С каким-то особенным, незнаемым ранее чувством думала она теперь о деревне, вспоминала, как хорошо ей жилось там при материнской любви да при отцовской ласке: ведь была она единственная дочь у старого Романьки. Мать, бывало, едва не дрожала над нею, над каждым ее шагом; присматривала, чтобы, боже ты мой, не уставала единственная дочь ни в школе, ни дома. Да что там дома! Никакой работы по хозяйству Ольга не знала: мать была женщиной сноровистой, все дни проводила в заботах, батька — настоящий мастер столярного дела: всяких заказов всегда было много.

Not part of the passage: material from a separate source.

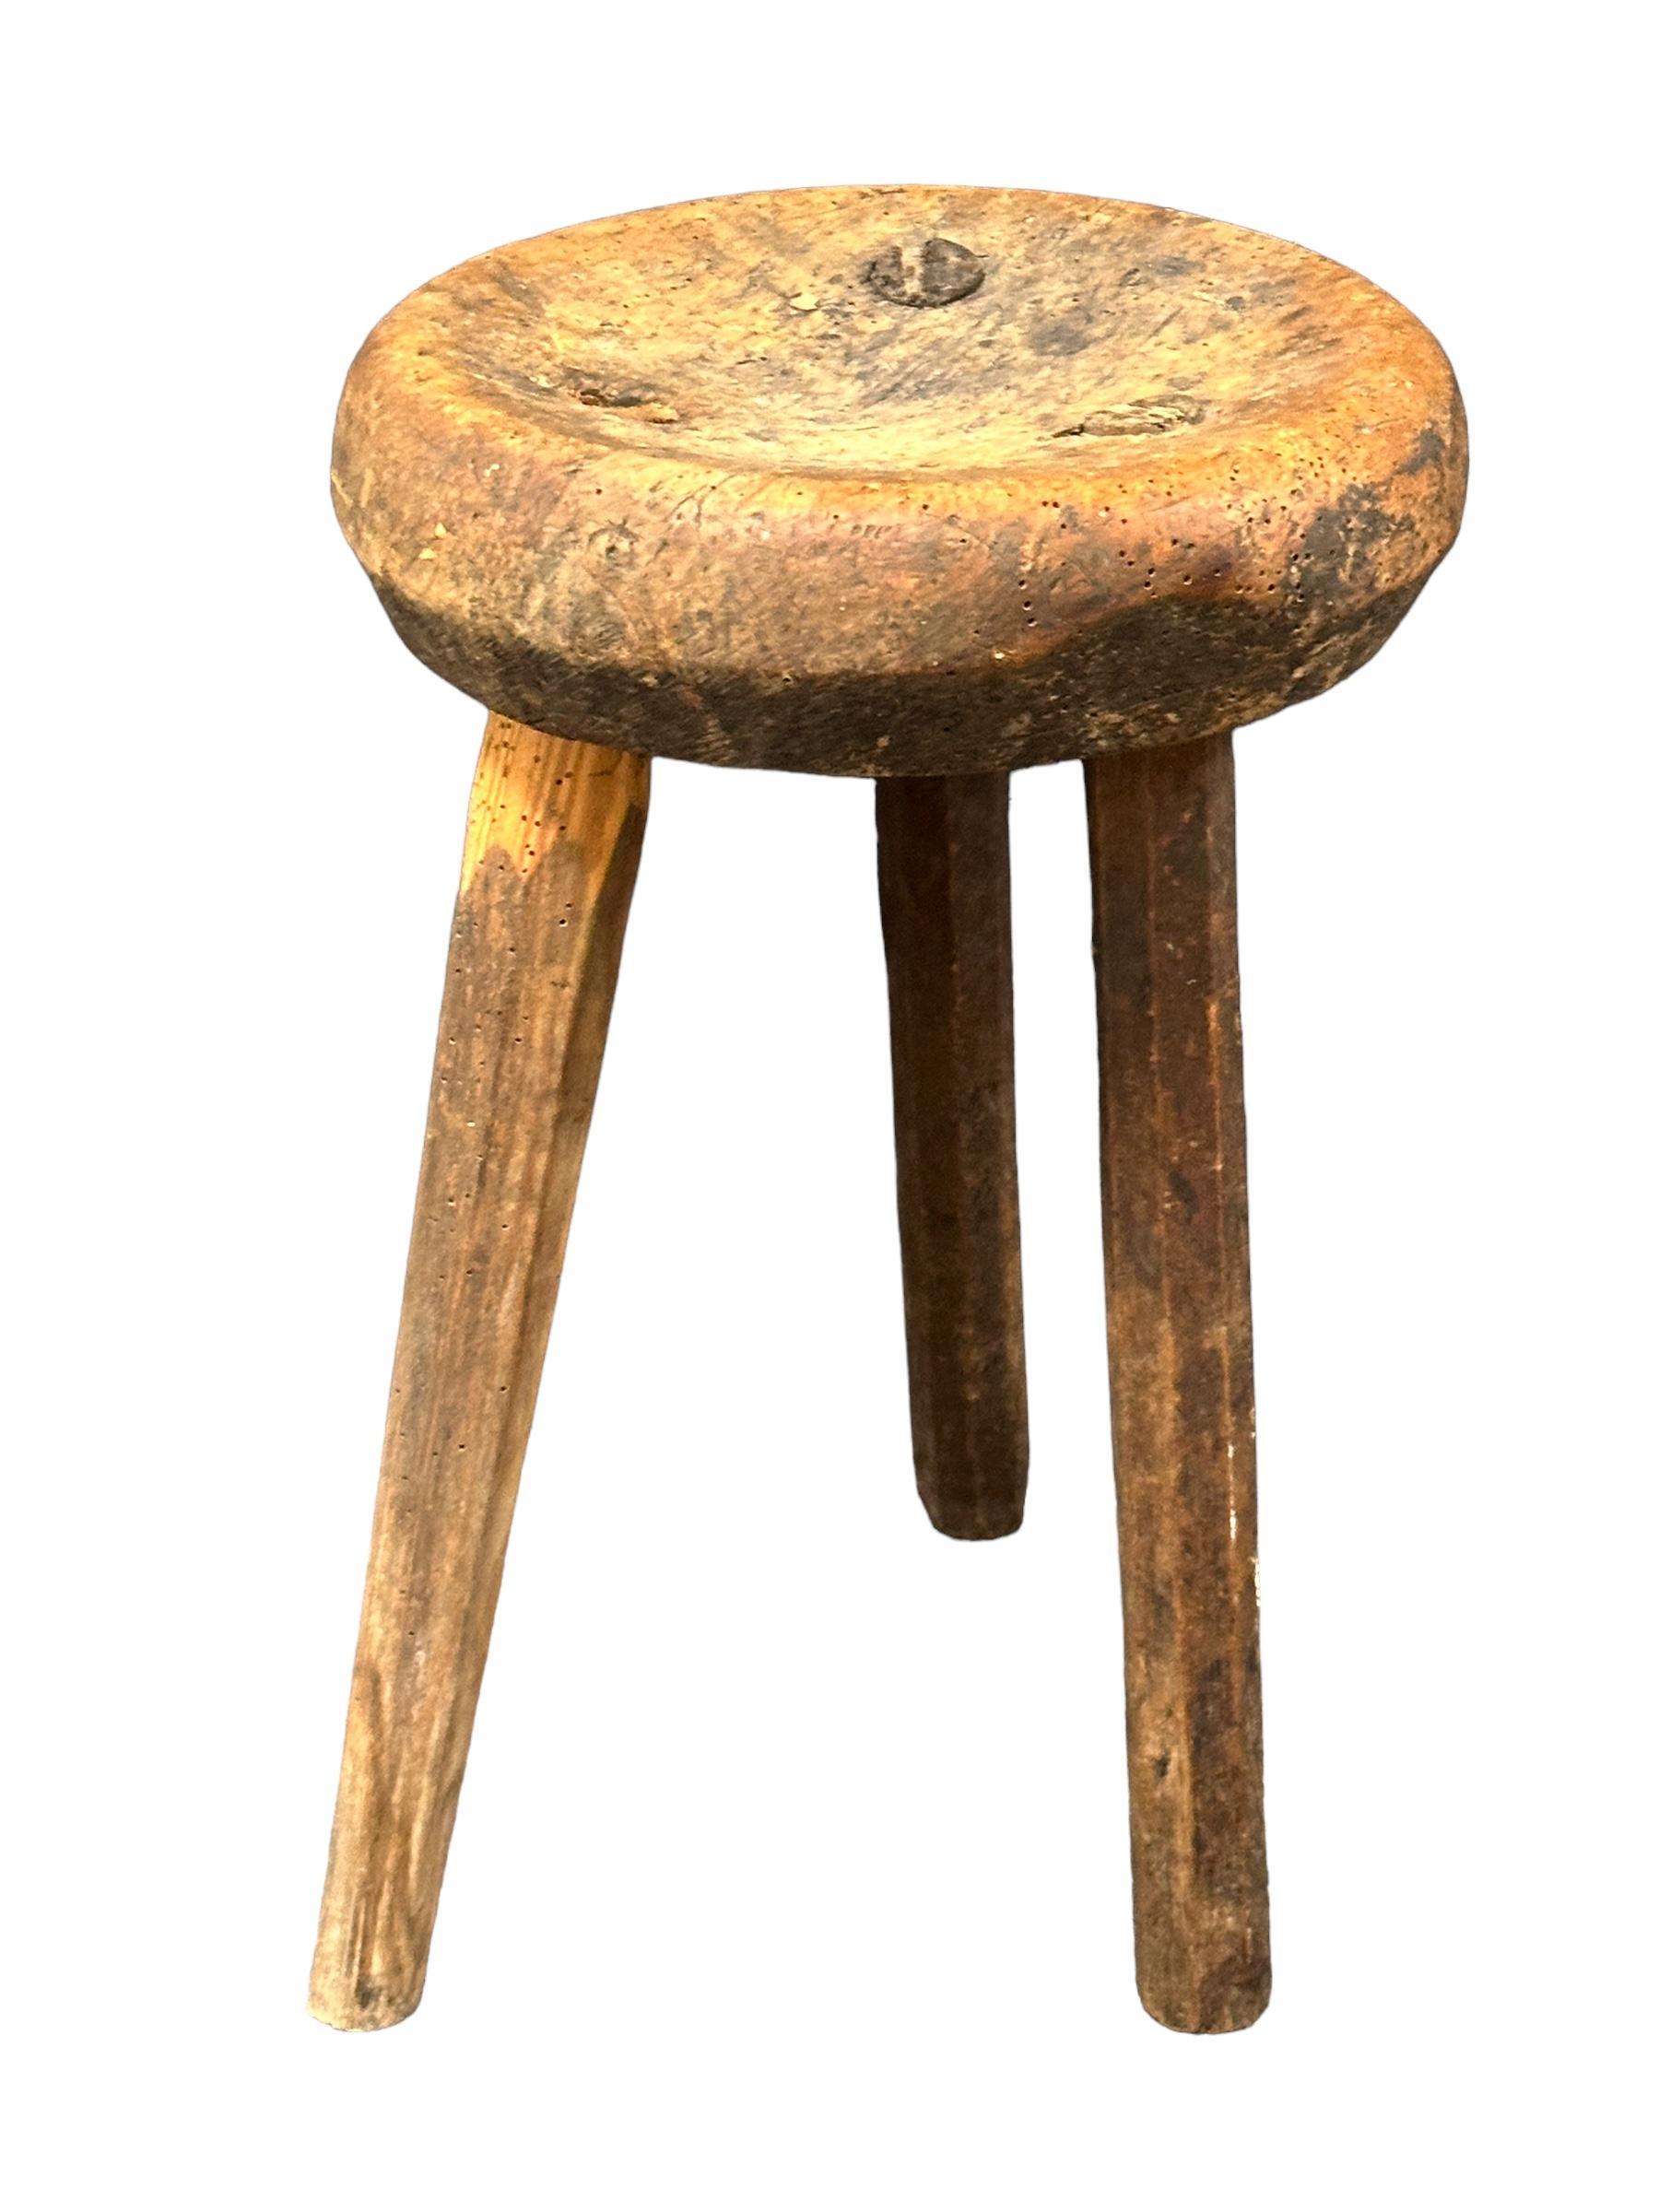 This early 20th century wabi sabi 3 leg workshop stool from Germany is an excellent example of this style. The piece has a square, rustic-looking seat made of wood and is supported by three legs. The stool has a simple, understated design which is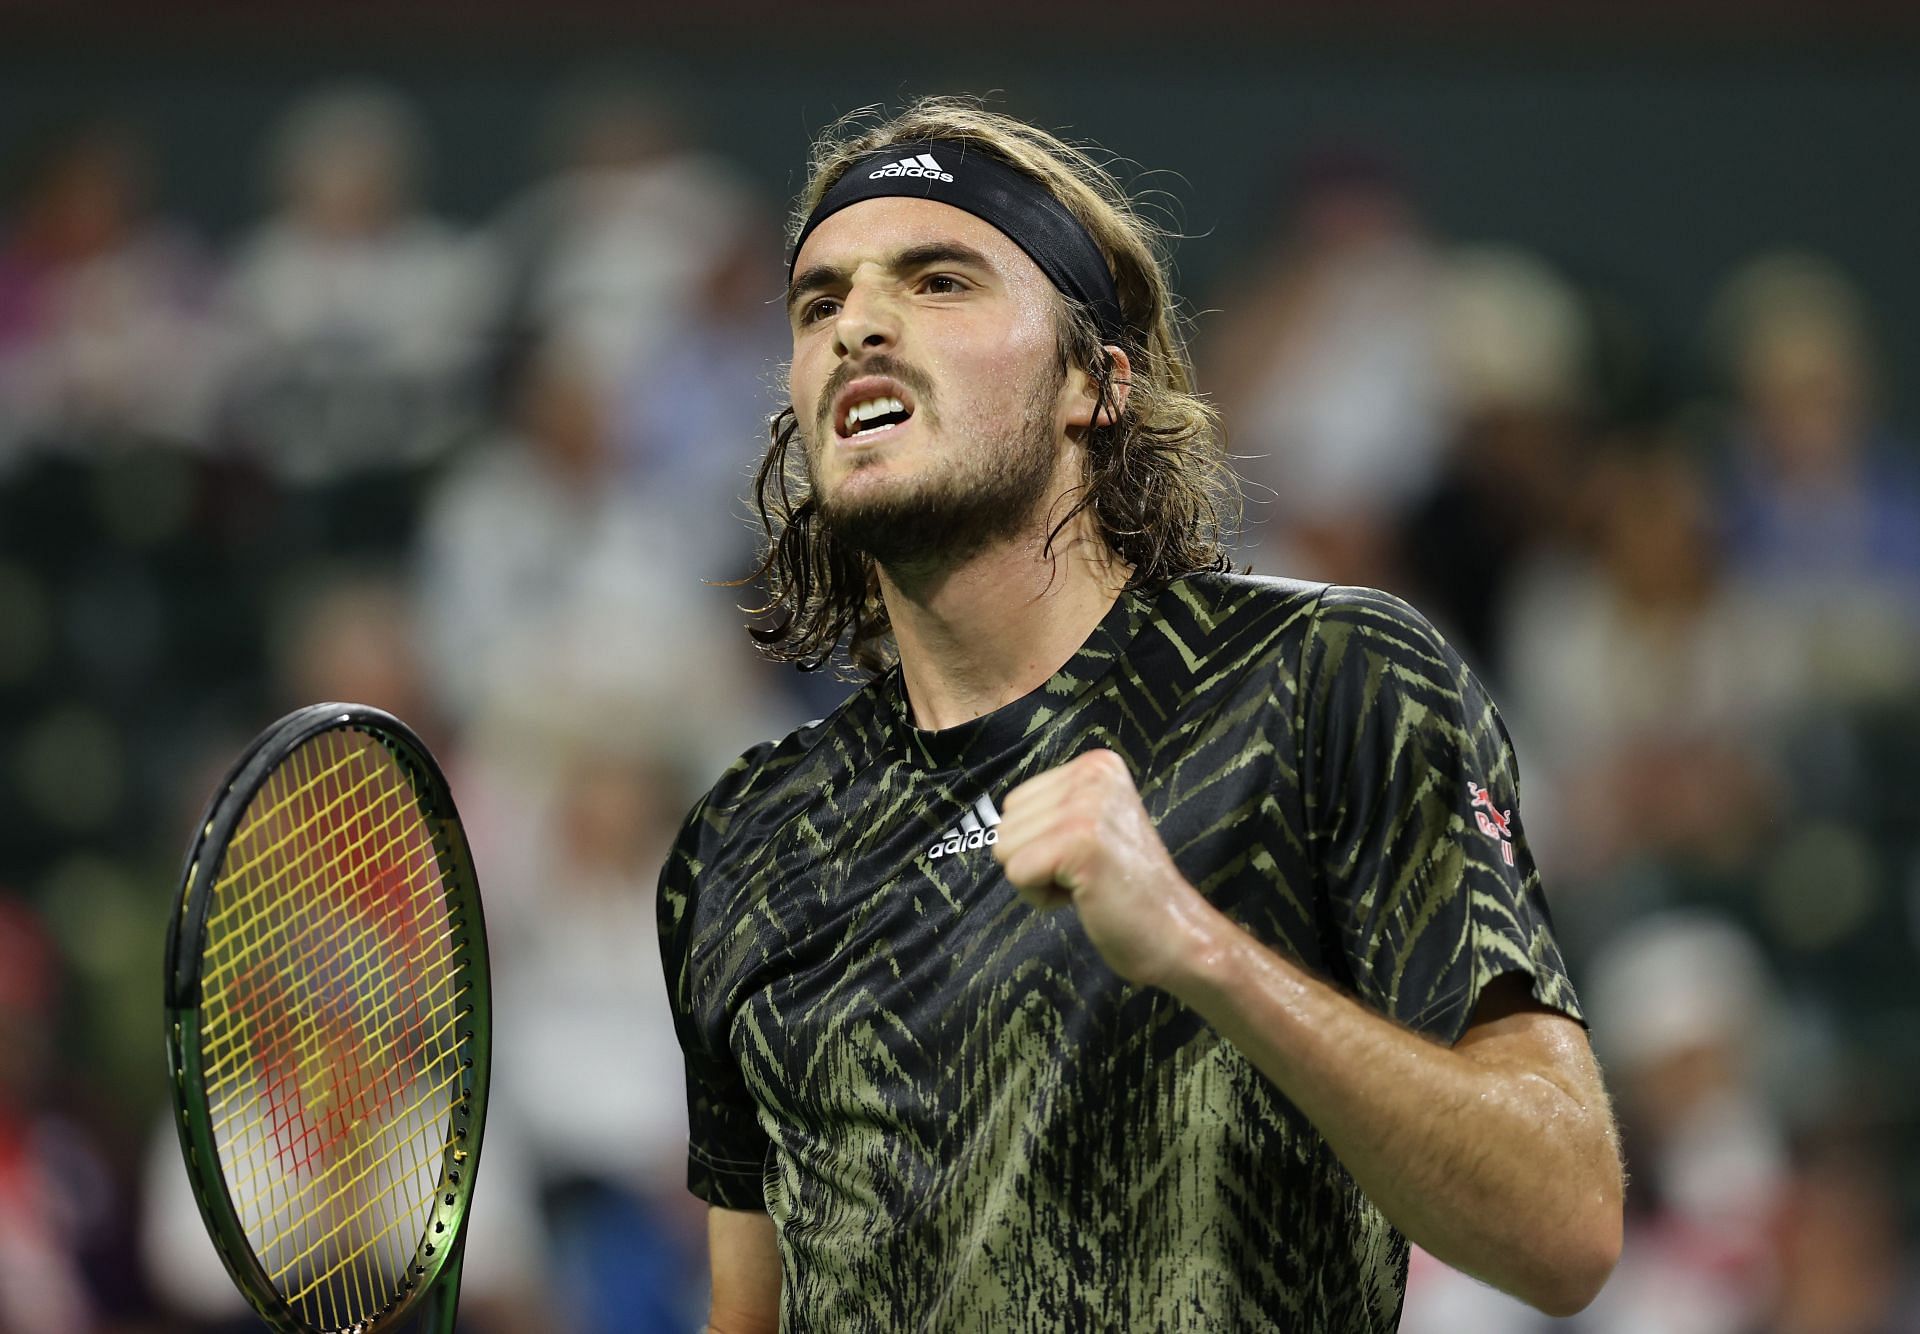 Stefanos Tsitsipas reached the quarterfinals at the 2021 Indian Wells Masters

Дома Ольге каждый месяц сыпались обновы, и, может, уже с седьмого класса она заневестилась. Тогда же впервые узнала она, что судьба не обделила ее и красотой. Приятно было сознавать все это, и, заканчивая десятилетку, решила Ольга, что не останется в деревне, а поступит в институт и выйдет там замуж за человека, который лучше всех ее оценит. Она будет жить в городе, и когда наведается в деревню да пройдет с мужем под руку по улице, все заговорят: «Смотрите, как повезло Романьковой Ольге!»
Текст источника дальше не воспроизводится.